We don't have the population base. And the MSoft and Amazon customers are forum fanatics and are OK flying out of town to get a deal under invoice less incentives. We do our share.


----------



## namelessman (Dec 23, 2004)

MJBrown62 said:


> We don't have the population base. And the MSoft and Amazon customers are forum fanatics and are OK flying out of town to get a deal under invoice less incentives. We do our share.


Just say one day the dealer is willing to risk some short term profits but start to do invoice less incentives.

It may turn the tide and all those MSFT/AMZN customers will head to you.

If it does not work, the dealer can always go back to the old ways.


----------



## innovativeit (Sep 30, 2007)

MJBrown62 said:


> I'm not a sponsor, and when asked privately for a quote I provide a very straightforward answer. Which has resulted in very few Bimmerfest sales (count on 1 hand).
> 
> And that's OK. My store has a different approach/strategy/profit goal than others, and that's the way it is.
> 
> ...


1) I'm confident that your experience of having only one sale coming from Bimmerfest is one of the primary reasons that we have seen so many CAs pull back from this forum. It ceased being "Ask a Dealer" a long time ago. I have always wondered why the typical expectation was to ask CAs to "tell me how to reduce the price of the car I'm buying from you".

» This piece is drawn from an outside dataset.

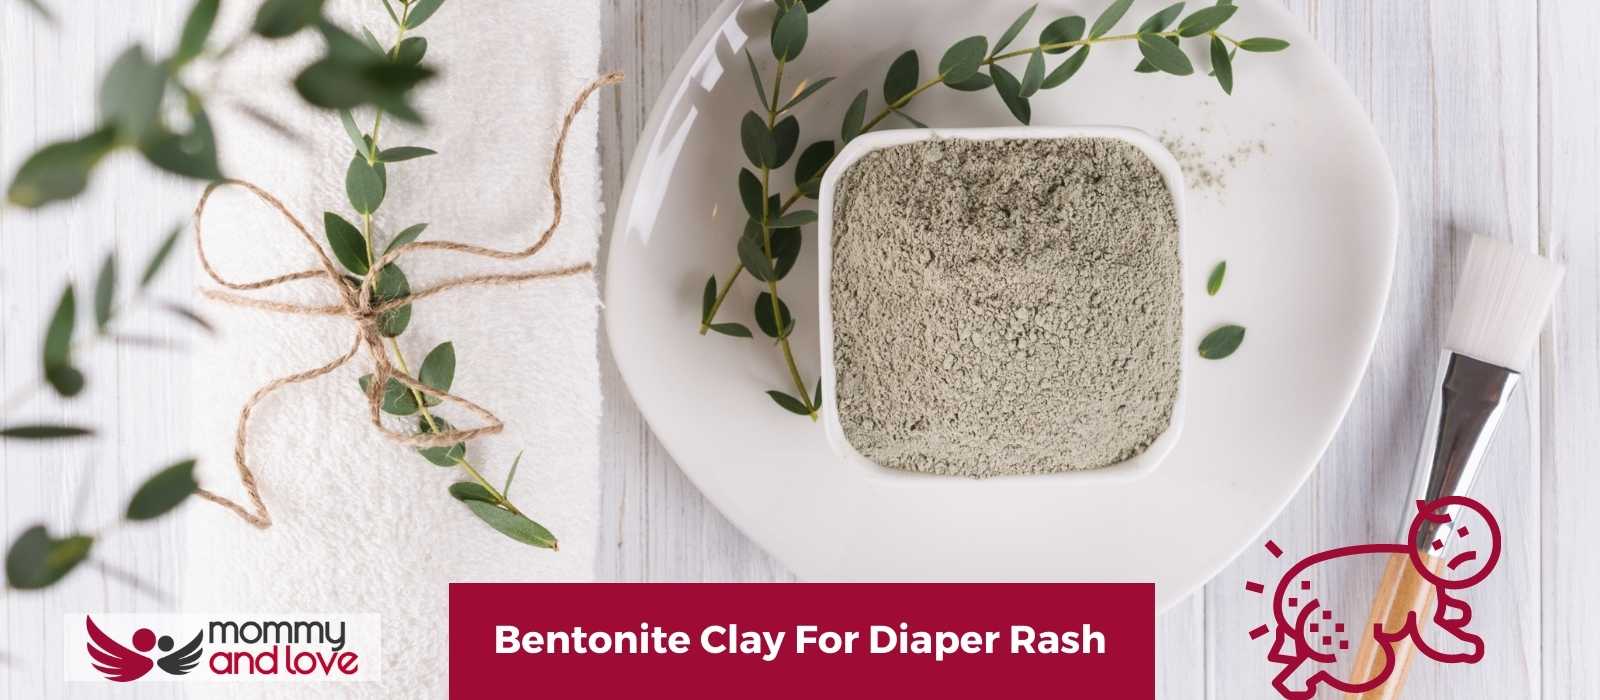 Bentonite Clay For Diaper Rash

2) Having had the opportunity to work with a few stores at the back office level, I know that some stores actually establish a budget objective of limiting their New Car Department's loss to a specific number. I assume that, at some point, the store has to draw the line on the number of "skinny" or losing deals it makes.

3) I greatly enjoy and appreciate the insight and information that you and JJ have provided to this forum. I am concerned how the major contributors, including those who came before you, eventually get worn out by the experience.

4) The above comments represent my personal opinions and are not an invitation to engage in a "back and forth" with anyone.


----------



## namelessman (Dec 23, 2004)

"I have always wondered why the typical expectation was to ask CAs to "tell me how to reduce the price of the car I'm buying from you".

Do check how Jon operated the forum from the beginning, an example thread as below from 2002.

That kind of interaction on the forum still existed a few years back, but not any more.

http://www.bimmerfest.com/forums/showthread.php?t=6645


----------



## 1968BMW2800 (Aug 13, 2016)

namelessman said:


> "I have always wondered why the typical expectation was to ask CAs to "tell me how to reduce the price of the car I'm buying from you".
> 
> Do check how Jon operated the forum from the beginning, an example thread as below from 2002.
> 
> ...


Thanks for posting this. We learn that the same tension we are exploring now has existed for many years. Those CAs who are willing to respond to queries quickly come up to a line we want them to cross -- let us NEVER FORGET what we are asking of these folks. No matter how you slice it, our quest for info is motivated by our desire to get the best possible deal. Which means, we are, indeed, asking a car salesperson how to take money out of their pocket. How helpful would you be if someone came up to you and asked, "Will you give me the alarm code and keys to your house?" Good to remember.


----------



## Ibiza (Jun 15, 2007)

1968BMW2800 said:


> Thanks for posting this. We learn that the same tension we are exploring now has existed for many years. Those CAs who are willing to respond to queries quickly come up to a line we want them to cross -- let us NEVER FORGET what we are asking of these folks. No matter how you slice it, our quest for info is motivated by our desire to get the best possible deal. Which means, we are, indeed, asking a car salesperson how to take money out of their pocket. How helpful would you be if someone came up to you and asked, "Will you give me the alarm code and keys to your house?" Good to remember.


What was Jon's intention of this sub-forum then? As 'Ask-A-Dealer' has always been about obtaining the invoice pricing sheets, buy MF, and residuals before contacting your local CA.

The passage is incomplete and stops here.